Roma, Teatro Brancaccio, 17 e 18 novembre 2015
Metti una sera a teatro con tantissimi amici, metti che lo spettacolo in questione è uno spettacolo di danza e metti che alcuni di questi non abbiano mai visto un balletto. Quante possibilità ci sono che lo spettacolo piaccia a tutta la comitiva?
Poche sicuramente. E invece con l’ultimo lavoro della compagnia BJM (Le ballet Jazz de Montreal) andato in scena il 17 e il 18 novembre al teatro Brancaccio di Roma, il miracolo si è compiuto. Tutti ma proprio tutti hanno apprezzato lo spettacolo ed alcuni erano veramente estasiati soprattutto chi si intendeva parecchio di arte tersicorea.
Tre coreografie per tre coreografi diversi, tra i migliori e più quotati del panorama contemporaneo. Tre stili e modi di concepire la danza distanti che però hanno dato vita ad uno spettacolo perfetto che presenta lavori di altissimo livello.
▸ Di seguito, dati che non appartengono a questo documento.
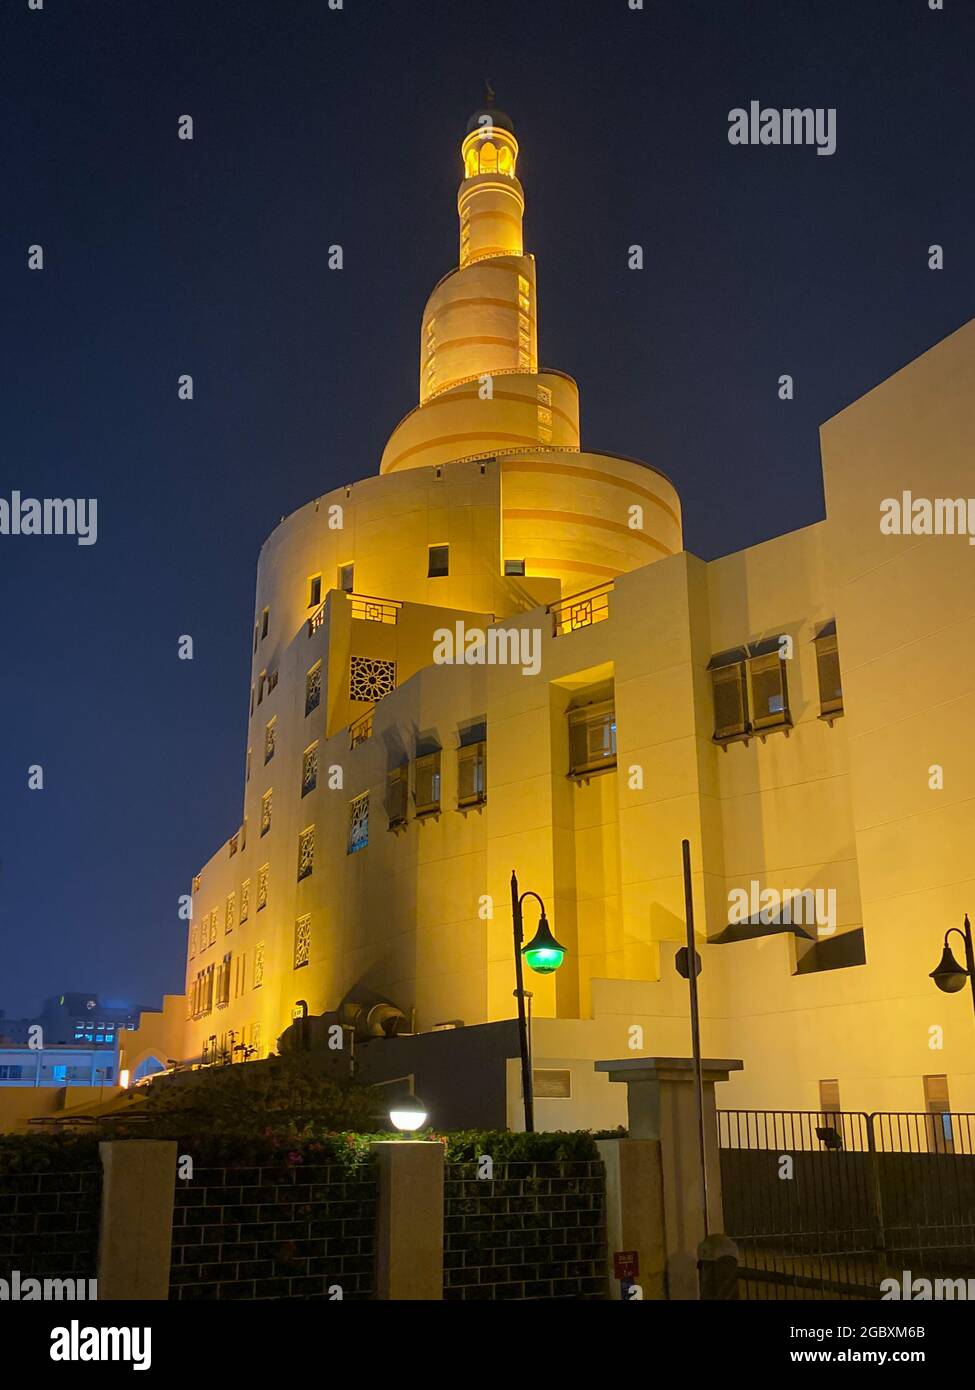 Beleuchtete Al Fanar – Turm im Qatar Islamic Cultural Center bei Nacht, Doha, Katar, Naher Osten gegen klaren dunklen Himmel Stockfoto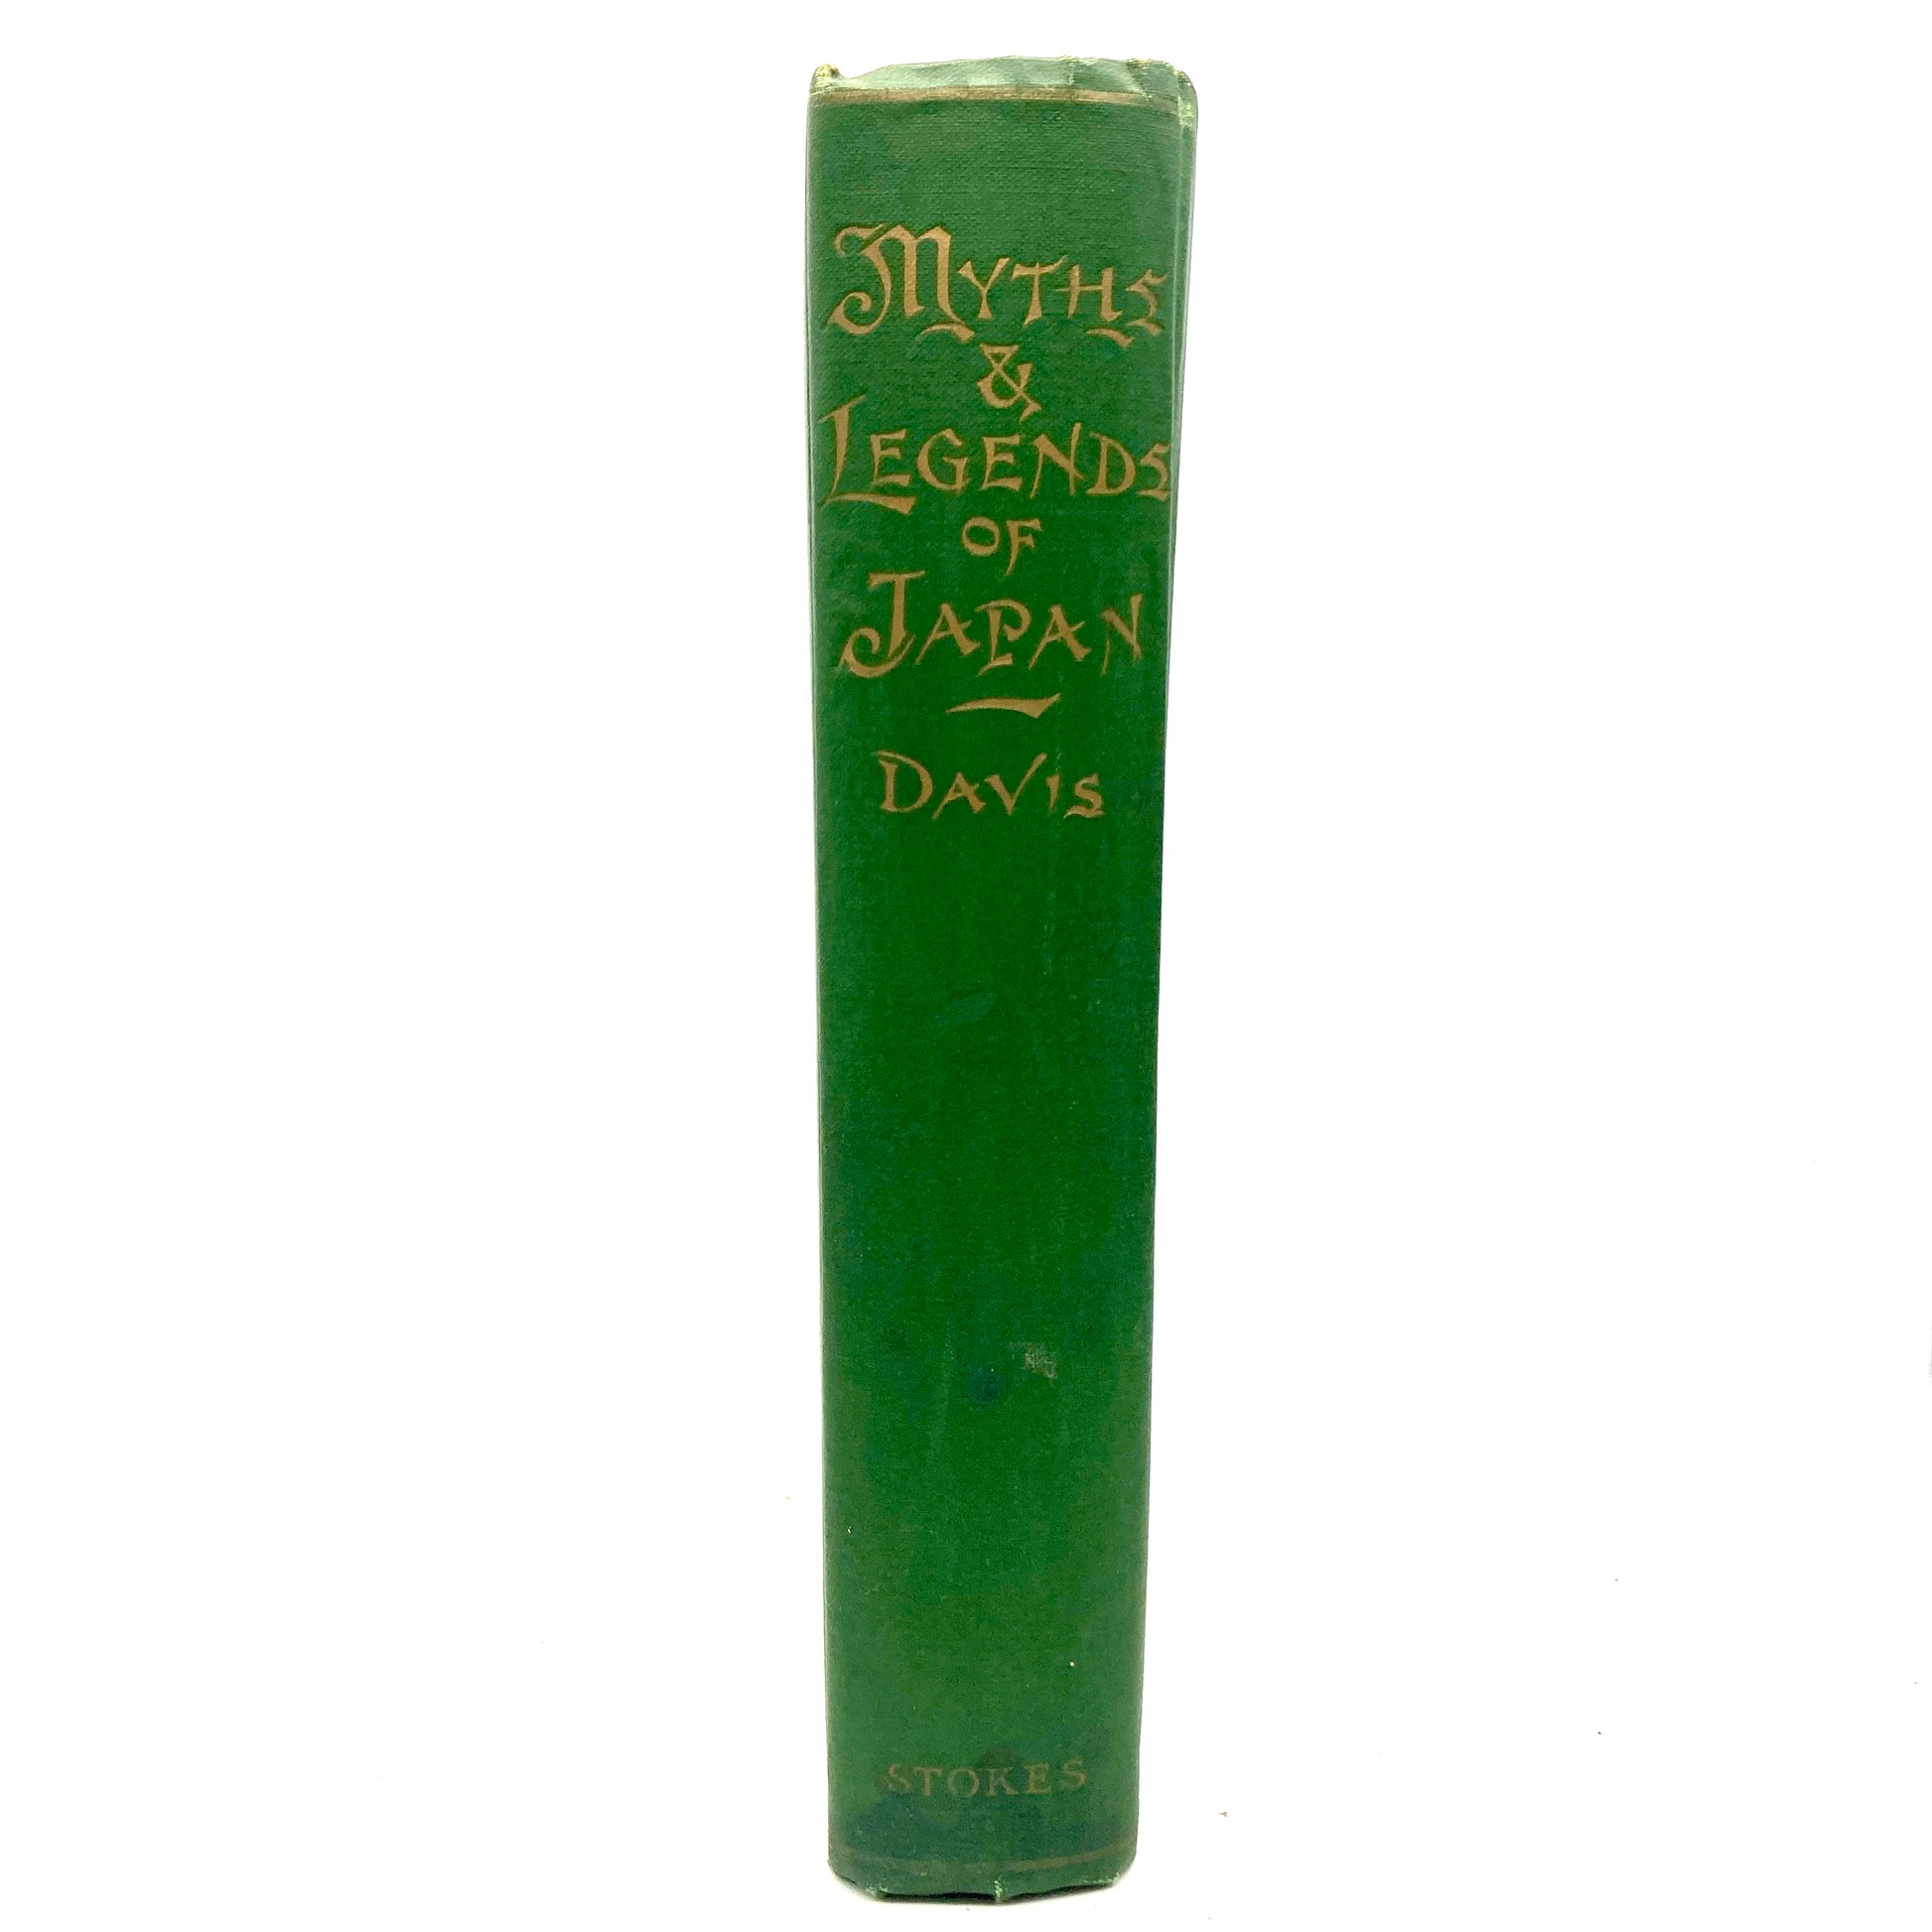 DAVIS, F. Hadland "Myths & Legends of Japan" [Frederick A. Stokes, c1928] - Buzz Bookstore

La prima coreografia – Mono Lisa – firmata dall’israeliano Itzik Galili è la più canonica: un bellissimo pas de deux post moderno dove al posto delle musiche di Chopin o Mozart ci sono suoni graffianti e ingigantiti di macchine da scrivere. Danzato magnificamente da due danzatori della compagnia con tanto di scarpe da punta per quel che riguarda la donna, è giocato sulla tecnica classica-jazz senza risultare minimamente datato.
Per quanto riguarda il secondo pezzo dal titolo Kosmos e coreografato dal greco Andonis Foniadakis, si può dire che sia il più interessante dal punto di vista del movimento. Su musiche originali di Julien Tarride si articola su numerosi quadri diversi in cui si alternano momenti di danza corale, assoli e pas de deux tutti caratterizzati da un ritmo incalzante senza soluzione di continuità, neanche al rallentare della musica. La bravura dei ragazzi della compagnia è assoluta, tutti molto giovani ma tutti già grandi professionisti.
Dopo una piccola pausa ecco il turno della terza coreografia denominata Harry dal forte sapor di teatro danza, dove alcuni artisti si sono anche cimentati in piccoli momenti di recitazione in italiano. Ad opera di Barak Marshall anche qui il lavoro è organizzato in diversi momenti narrativi dove si raccontano i dolori e gli amore dell’uomo in tono scherzoso e a tratti un po’ grottesco. Bellissima la scelta dei brani musicali che spaziano tra gli altri da Taraf Ionel Budisteanu a Balkan Beat Box, o da Goran Bregovic a Maria Callas, il tutto ambientato come suggerivano i bellissimi costumi di Anne Marie Veevaete negli anni anni ’50.
Danza, danza e ancora danza. Uno spettacolo pulito e onesto che senza alcuna gigioneria volta ad affascinare il pubblico, lo cattura e lo esalta unicamente grazie alla grandissima qualità che porta in scena.